MAGIC ARTS IN CELTIC BRITAIN Lewis Spence (1946), ©Aquarian Press 1970

Could this be Pliny’s ‘Druid’s Glass’/serpent’s egg? Third millennium BC carved stone ball from Towie, Aberdeenshire

What has come to be regarded as another distinctive section of the Celtic magical tradition is associated with that mystic ornament which the Druids were wont to carry suspended from their necks as a mark of their office. The ‘Serpent’s Egg’ is a so-called oval ball of crystal, said to be produced by the foam of a number of serpents meeting in congress.

The elder Pliny, AD23-79, in writing of this amulet, tells that as the snakes twined together in a mass, they threw off these globes which were formed of their viscous slime. By their hissing the ball was cast into the air and if a Druid could catch it in a cloth before it fell, he might, if mounted upon a horse kept in readiness, succeed in making off with it. The snakes followed after him in venomous pursuit but, could he succeed in crossing a running stream before they made up with him, the prize would remain in his possession.

This magical amulet was known in Celtic tradition as the Glainnaider or Glain-nan-Druidhe, the Druid’s Glass. Pliny informs us that it was chiefly employed for counteracting incantations. He had himself seen a specimen. This act of the snakes, says Dr. Owen Pughe, was only performed at one season of the year—in summer—and on the occasion of a given moon.
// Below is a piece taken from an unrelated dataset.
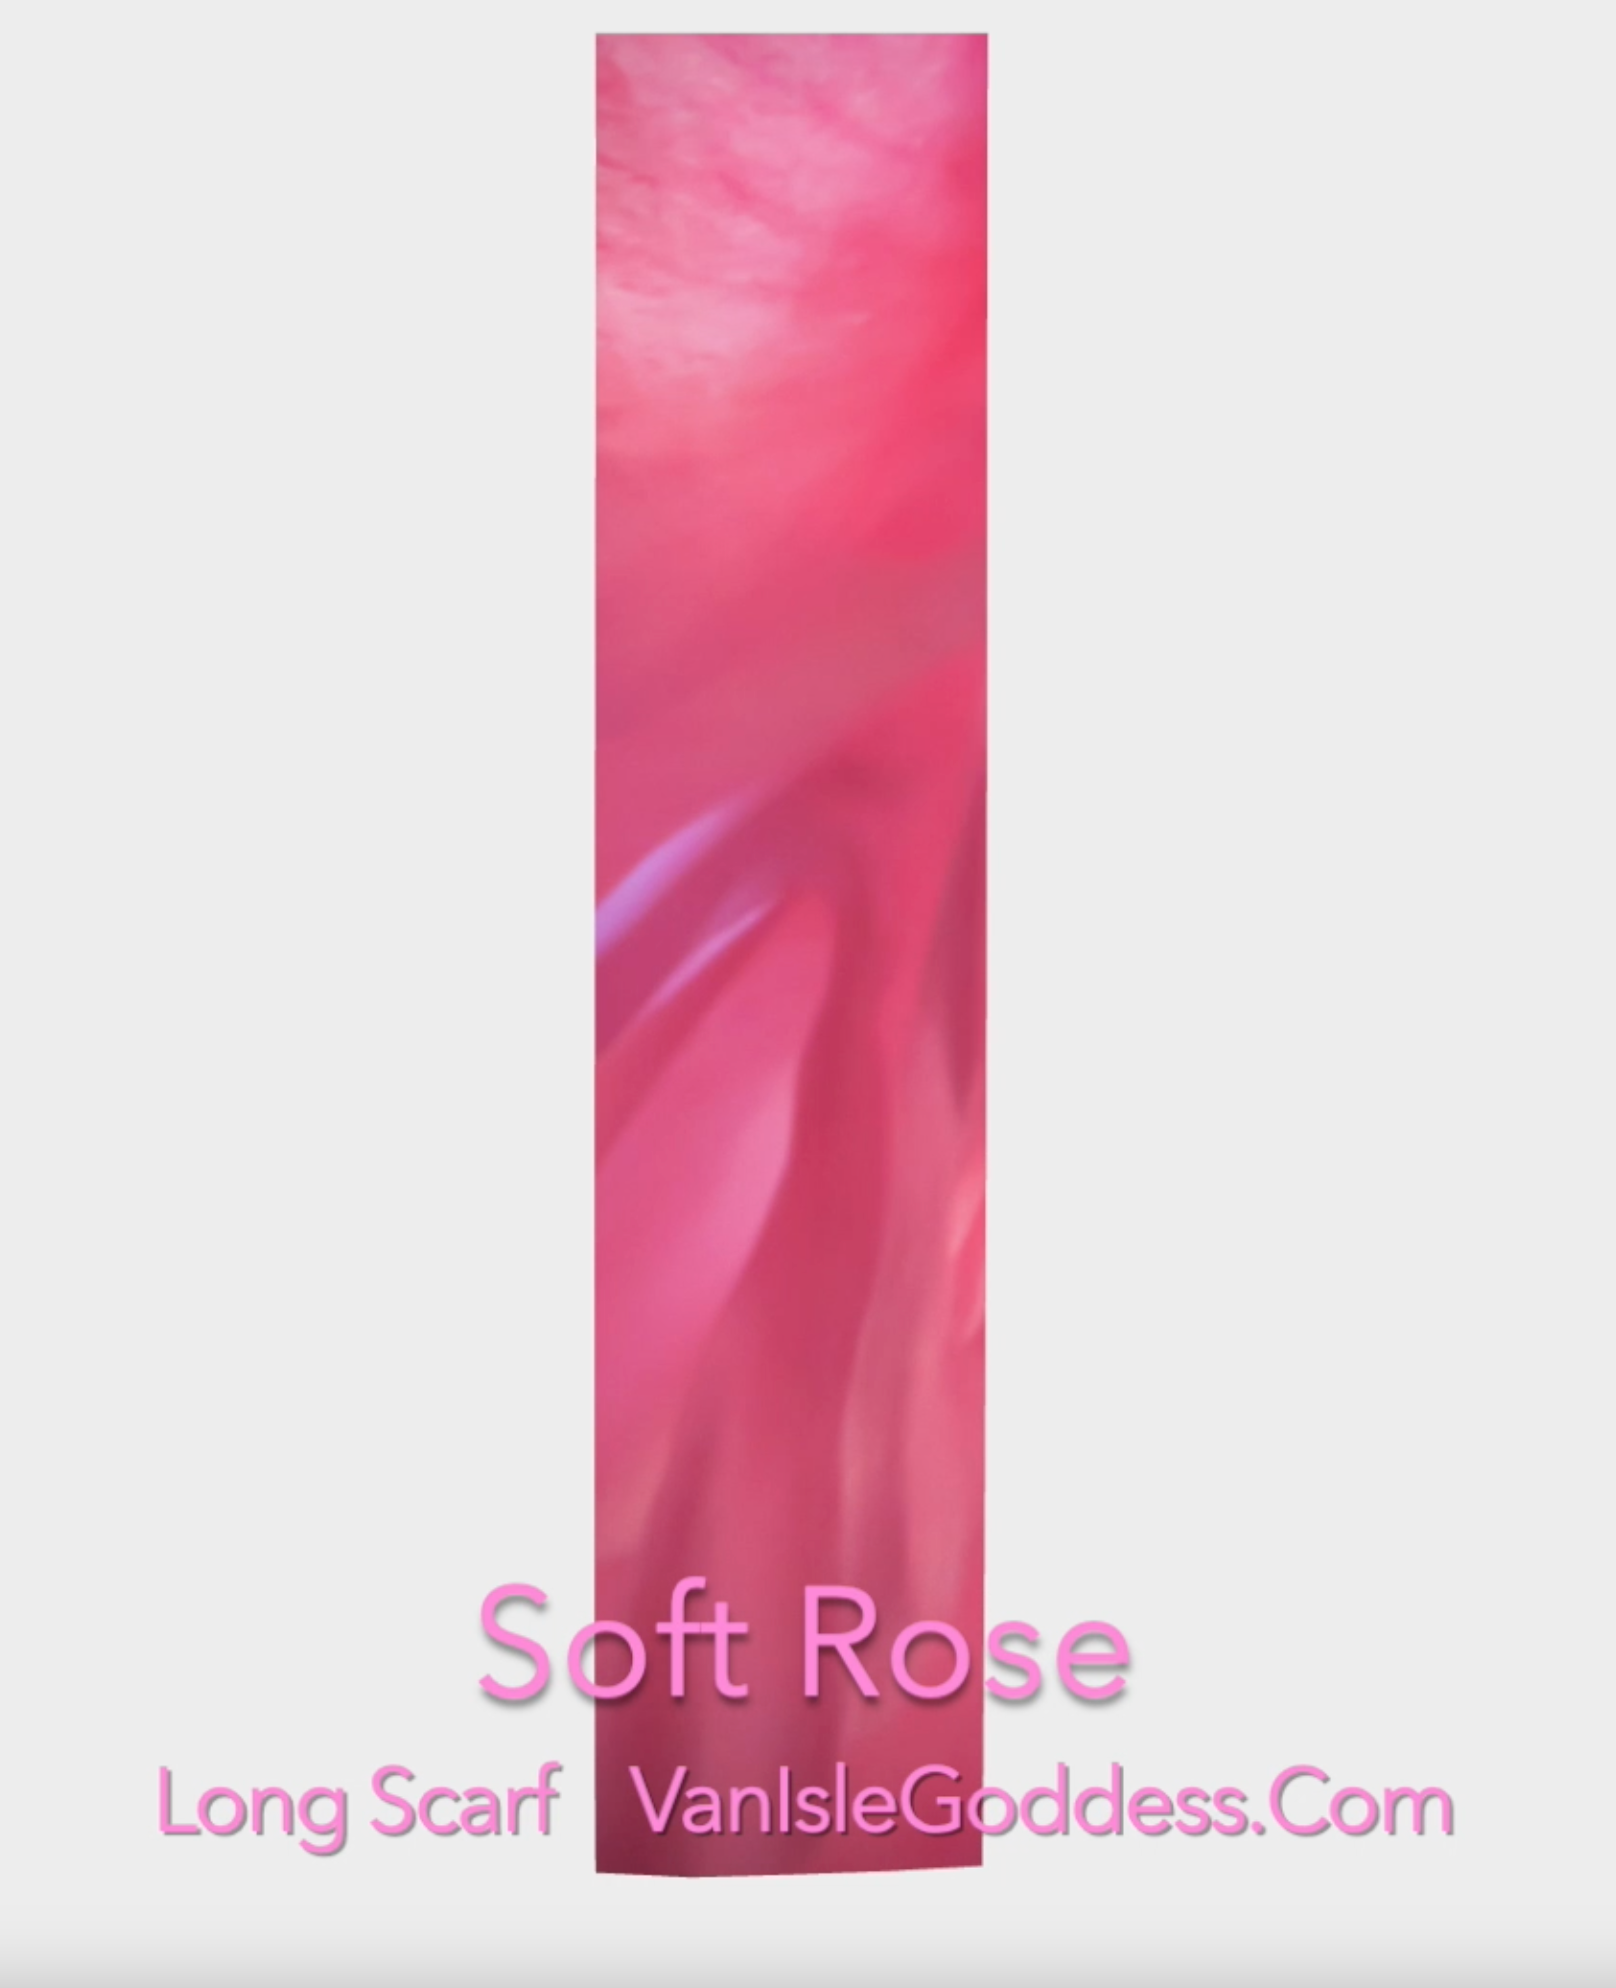 Soft Rose long scarf is shown full length.
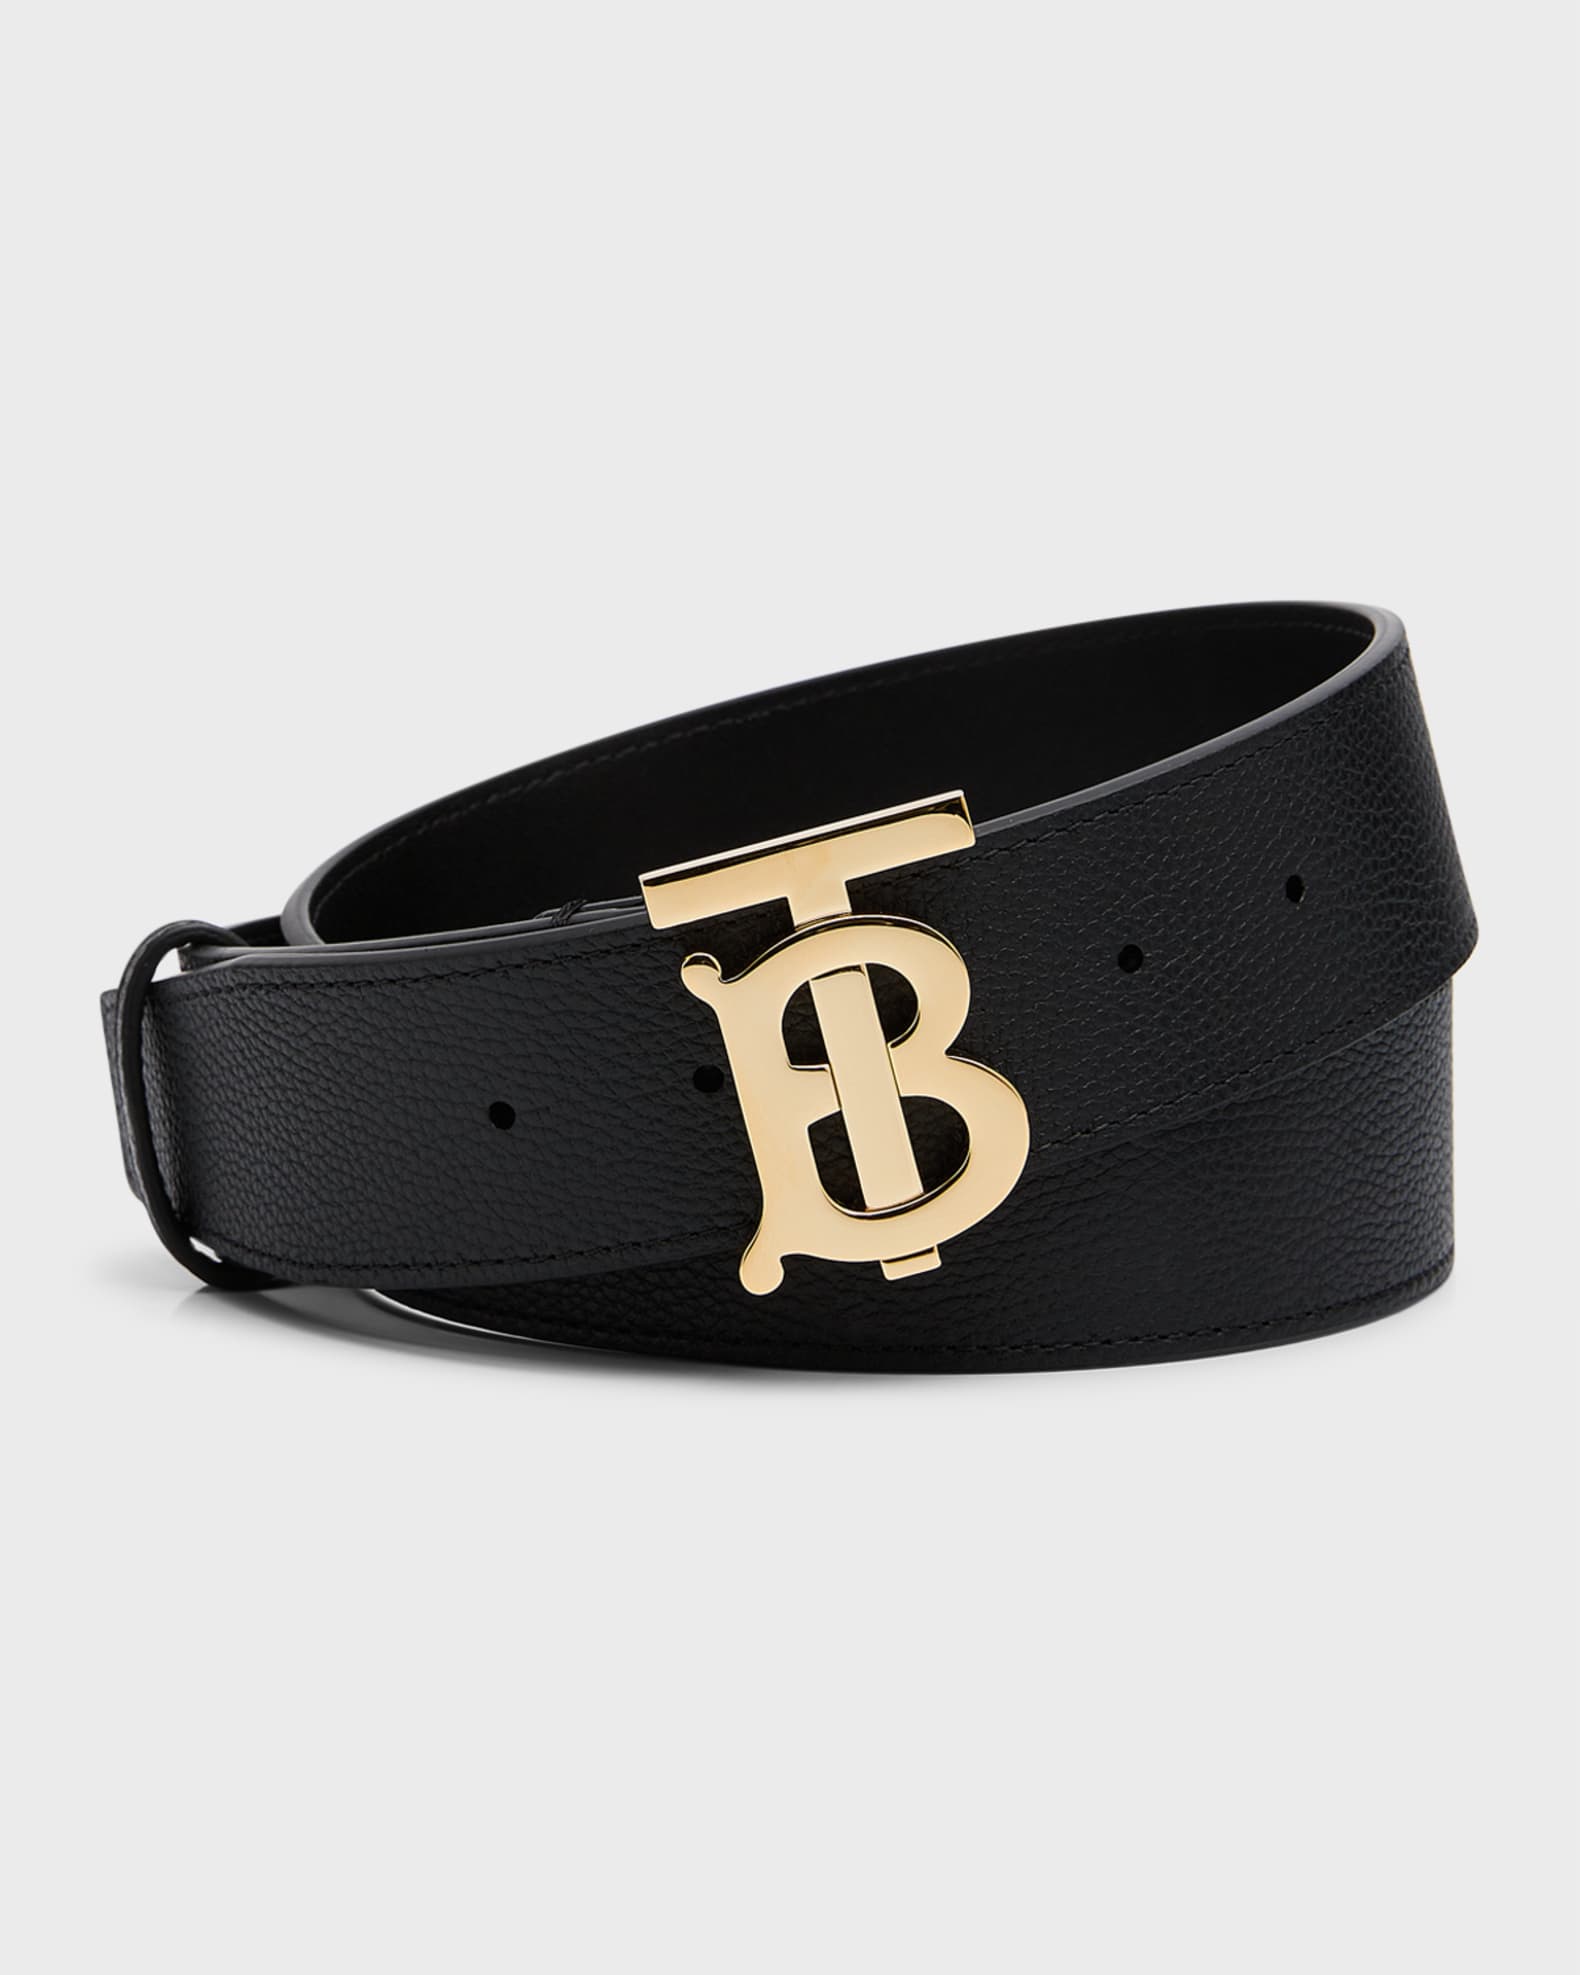 Burberry Leather Double TB Monogram Belt

Rhynie Man (7), carved Pictish stone depicting Druid? standing (its inscribed face now obliterated) at the entrance to The Square, Rhynie, Aberdeenshire. Eight stones of similar AD7-8thC carving found in Rhynie Pictish heartland

The Welsh bard Aneurin alludes to it in one of his minor poems as:

The quick-glancing ball,
The adder’s bright precious produce
The ejacultion of serpents

He who possessed it was certain to gain any lawsuit in which he might engage and would be ‘well-received by kings’. Algernon Herbert (1838) was of opinion that the ‘serpents were none other than the Druids themselves, and that the process of manufacture was one of simple glass-blowing’.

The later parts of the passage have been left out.